In [122]: df = pd.DataFrame(data={'Case' : ['A','A','A','B','A','A','B','A','A'],
.....: 'Data' : np.random.randn(9)})
.....:
In [123]: dfs = list(zip(*df.groupby((1*(df['Case']=='B')).cumsum().rolling(window=3,min_periods=1).median())))[-1]
In [124]: dfs[0]
Out[124]:
Case Data
0 A 0.174068
1 A -0.439461
2 A -0.741343
3 B -0.079673
In [125]: dfs[1]
Out[125]:
Case Data
4 A -0.922875
5 A 0.303638
6 B -0.917368
In [126]: dfs[2]
Out[126]:
Case Data
7 A -1.624062
8 A -0.758514
Pivot
The Pivot docs.
In [127]: df = pd.DataFrame(data={'Province' : ['ON','QC','BC','AL','AL','MN','ON'],
.....: 'City' : ['Toronto','Montreal','Vancouver','Calgary','Edmonton','Winnipeg','Windsor'],
.....: 'Sales' : [13,6,16,8,4,3,1]})
.....:
In [128]: table = pd.pivot_table(df,values=['Sales'],index=['Province'],columns=['City'],aggfunc=np.sum,margins=True)
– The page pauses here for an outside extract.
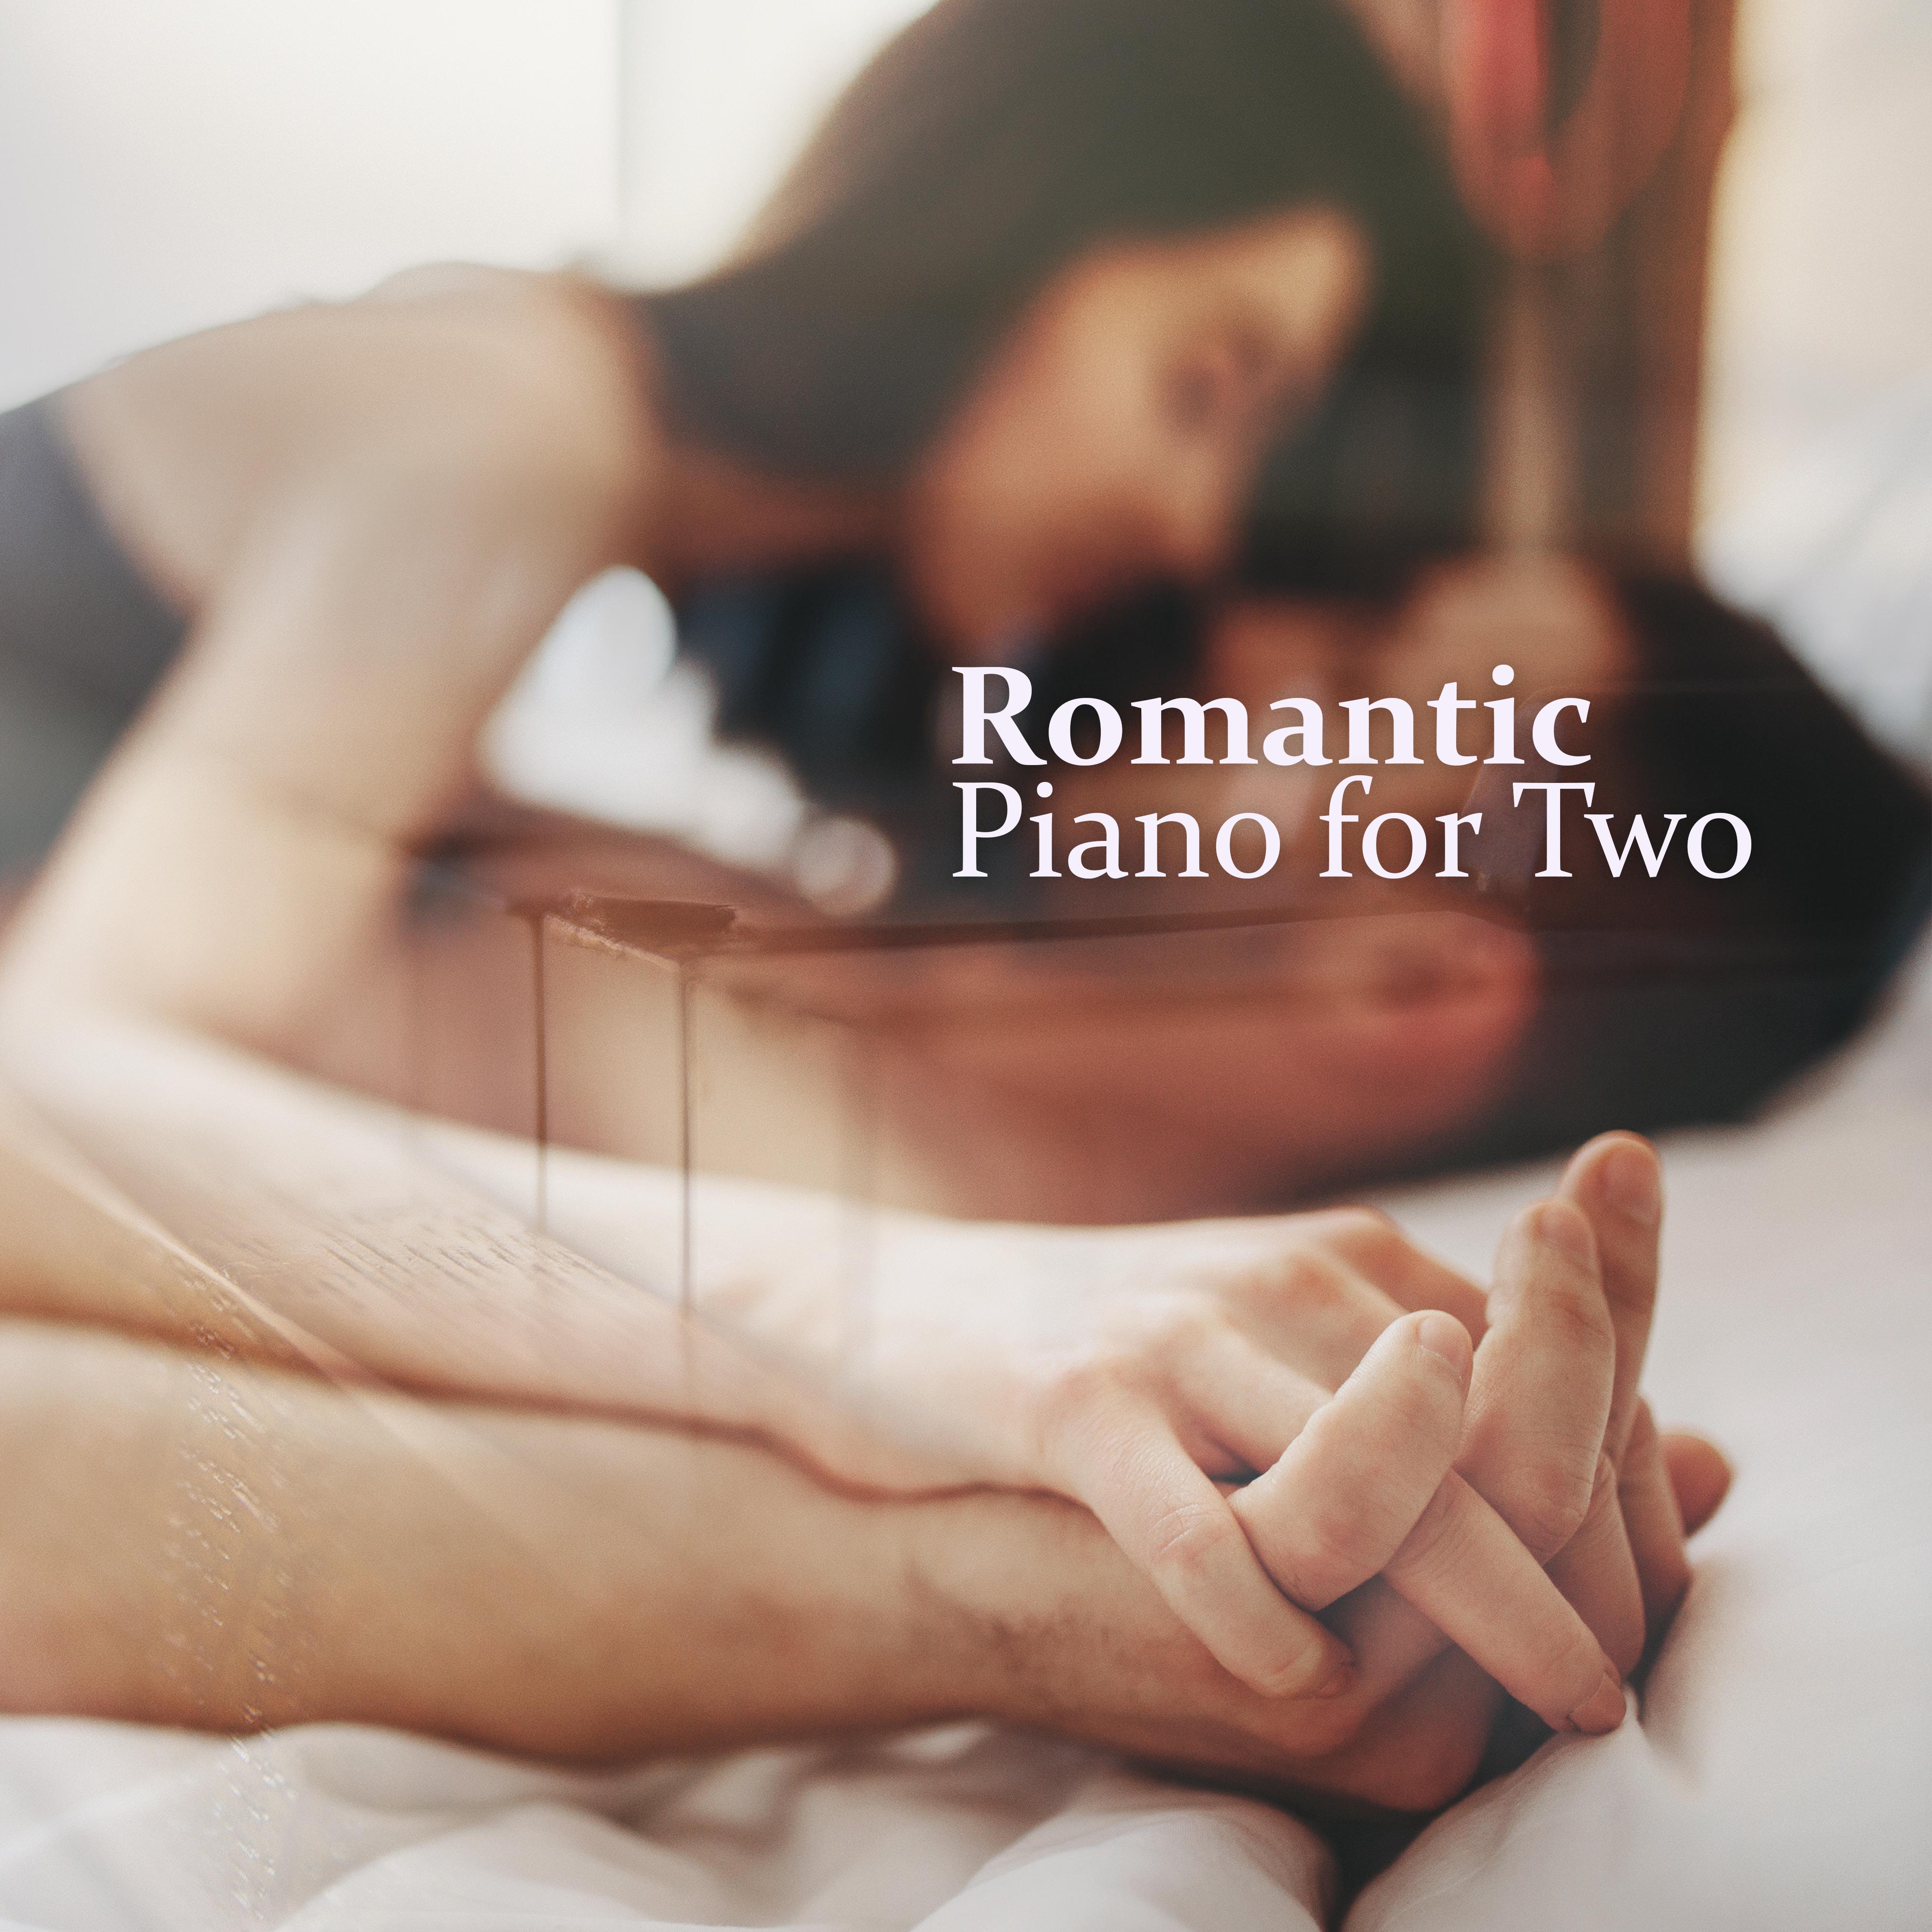 Romantic Piano for Two

In [129]: table.stack('City')
Out[129]:
Sales
Province City
AL All 12.0
Calgary 8.0
Edmonton 4.0
BC All 16.0
Vancouver 16.0
MN All 3.0
Winnipeg 3.0
... ...
All Calgary 8.0
Edmonton 4.0
Montreal 6.0
Toronto 13.0
Vancouver 16.0
Windsor 1.0
Winnipeg 3.0
[20 rows x 1 columns]
Frequency table like plyr in R
In [130]: grades = [48,99,75,80,42,80,72,68,36,78]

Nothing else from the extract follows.